In the TUI, /model opens the selector: bundled OpenAI, Anthropic, Google, and Ollama entries, your recently used models, and a free-text field for any provider:model LangChain supports. Enter saves the choice for this workspace, and Ctrl+A makes it the user-wide default. Switching mid-session rebuilds the agent on the same conversation (see context handling).

Providers beyond the bundled four work once their LangChain package is installed (for example uv add langchain-openrouter), and jutul-agent names the exact package when it is missing. API keys are prompted for on first use and stored in the user-global .env (configuration).

What the harness asks of a model

The agent is tool-driven: every Julia evaluation, file edit, and plot is a tool call, often ten or more per task. Models therefore need solid tool calling, and weaker models fail in characteristic ways: skipping tools and answering from memory, or calling a tool with malformed arguments. The bench's trajectory scorers exist to catch exactly this, and the canary suite is the quick way to qualify a new model (evaluation).

Reasoning

Models that can reason get it requested explicitly, because the provider defaults hide it or skip it: recent OpenAI reasoning models default to effort none (they do not reason at all), and Anthropic's extended thinking is off without a budget. The builder asks the model's bundled profile (BaseChatModel.profile) whether it reasons and then enables, per provider:

  • OpenAI: reasoning={"effort": "medium", "summary": "auto"}. The model reasons when a task warrants it and the summary streams into the TUI's reasoning card while it thinks. The -chat hybrids, which reject the effort parameter, are excluded by the same profile data (they keep temperature support; true reasoning models do not).
  • Anthropic: extended thinking with a 10k-token budget (output capped at 24k so thinking leaves room for the answer). The thinking text streams into the same card.
  • Gemini: include_thoughts=True. These models think by default (level high on Gemini 3+), so the only thing to add is visibility. A Gemini model with no profile entry is treated as thinking, since every model newer than the bundled data thinks; the legacy non-thinking ones are marked explicitly in the data.
  • Ollama: think mode is requested explicitly for models the daemon reports as thinking-capable. Left at the daemon default, the thinking segment is dropped on the client side, and a turn the model spends entirely on thinking then surfaces as an empty reply with no tool calls, and the agent falls silent. Requested, the thinking is separated and visible.

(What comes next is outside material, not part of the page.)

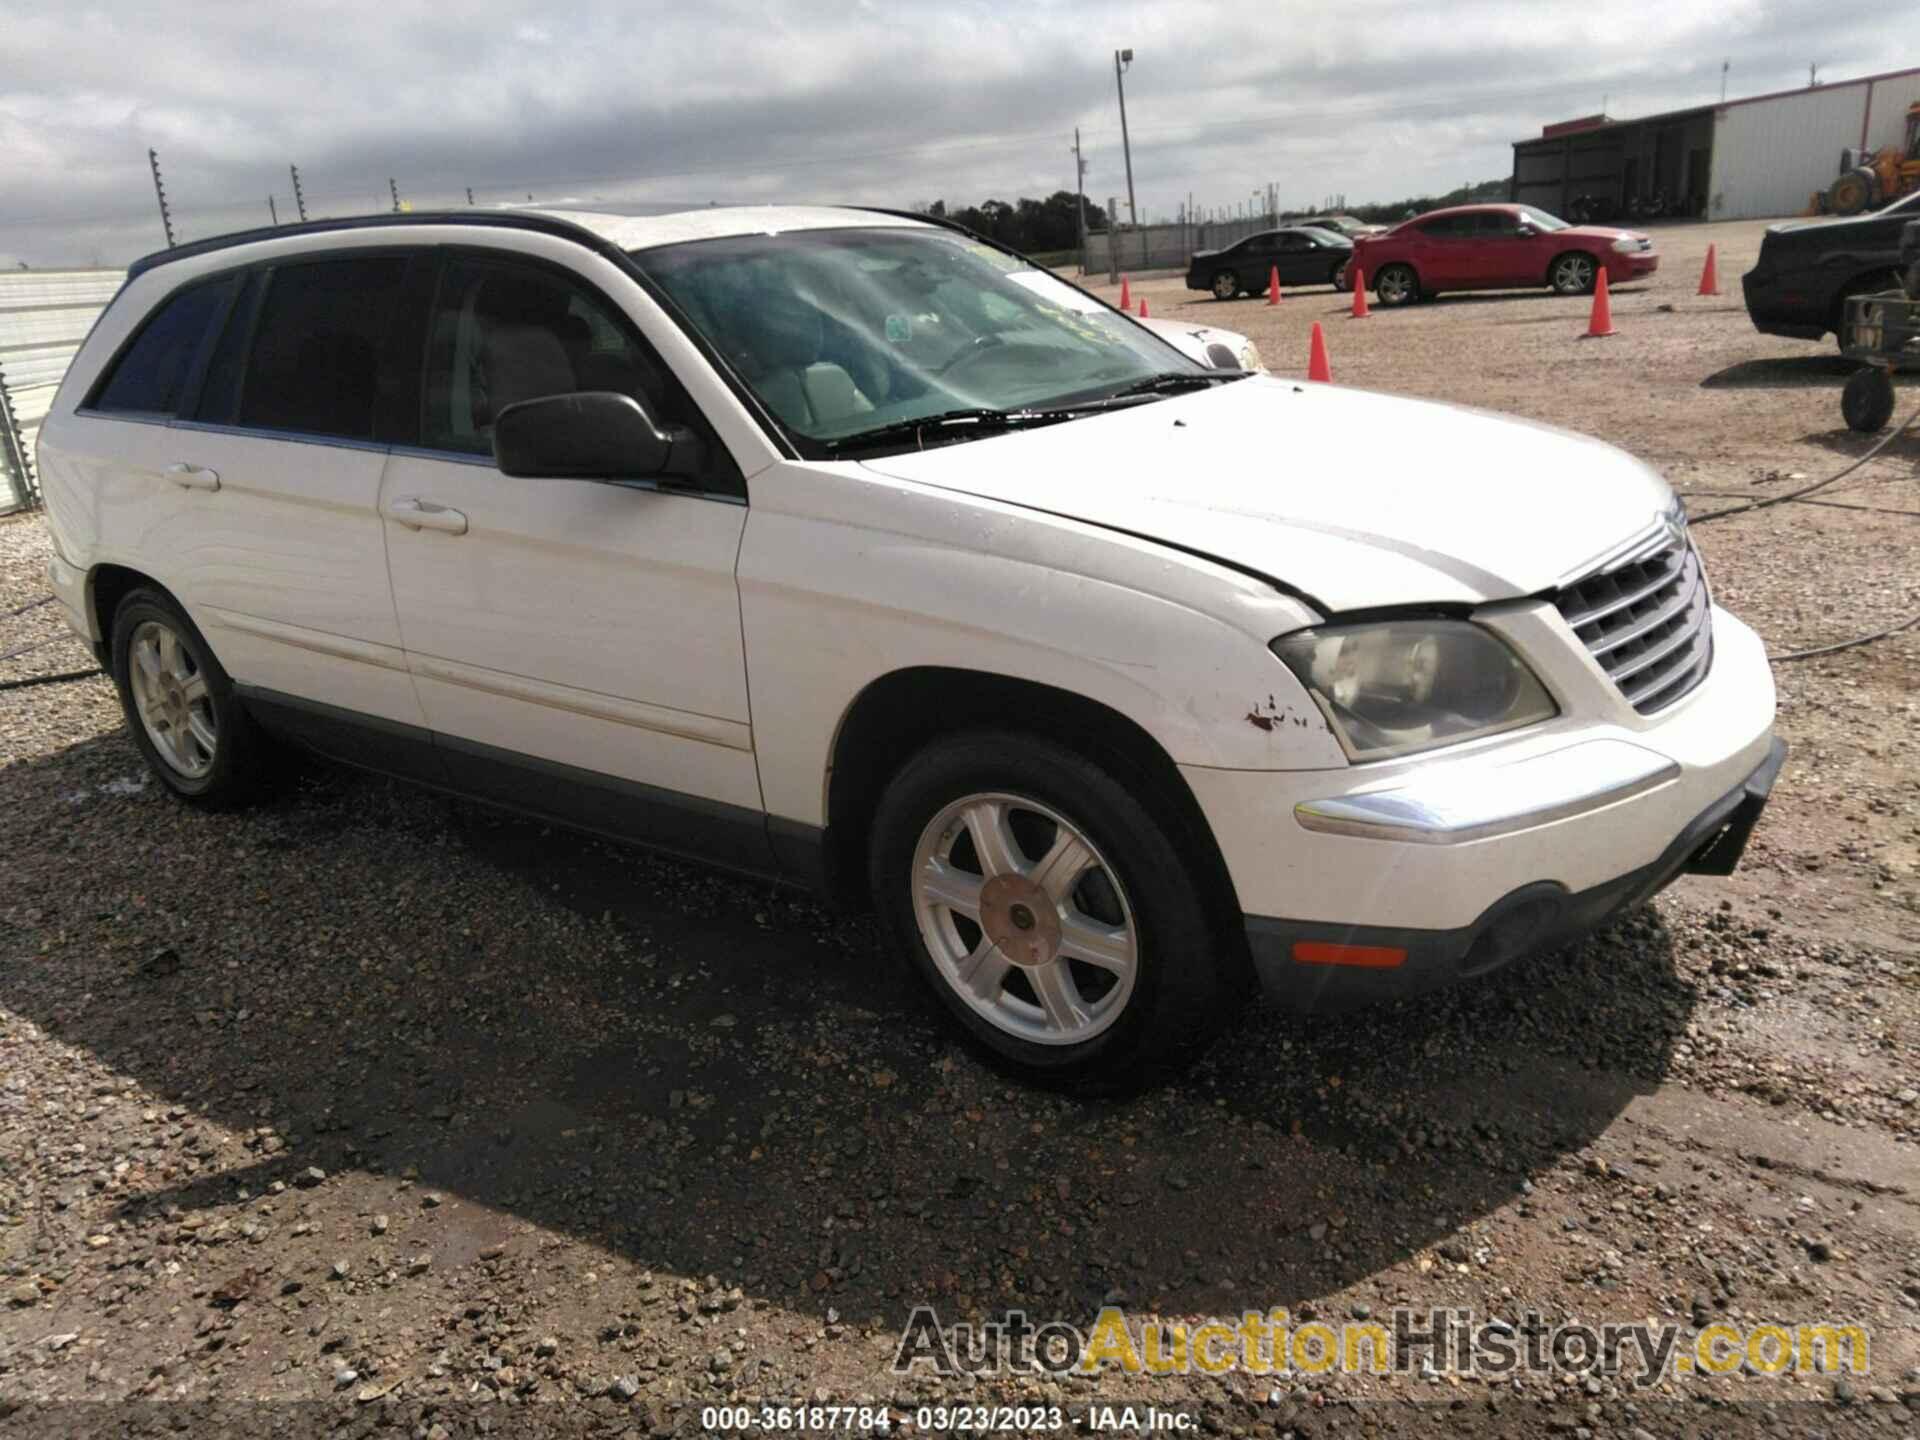 CHRYSLER PACIFICA TOURING, 2A4GM68466R736334

Because the capability check is profile data shipped with the provider packages, new models are covered by upgrading the package, and there is no model list to maintain here. A model whose profile is missing (or a session without the provider key at build time) falls back to the plain spec string and simply runs without visible reasoning. Reasoning cards appear only when the model actually reasons: trivial prompts legitimately produce none.

The same profile data supplies the context window for /context and the auto-compaction trigger; Gemini models missing from the data ask the Gemini API for their limit instead.

Local models (Ollama)

Local models run through Ollama with no key. Two things the harness handles for you:

  • Capability gating: the selector checks that a model supports tool calling before offering it, and can pull a model that is not installed yet. An outdated Ollama can mis-parse a new model's template and lose tool support, so keep Ollama itself current.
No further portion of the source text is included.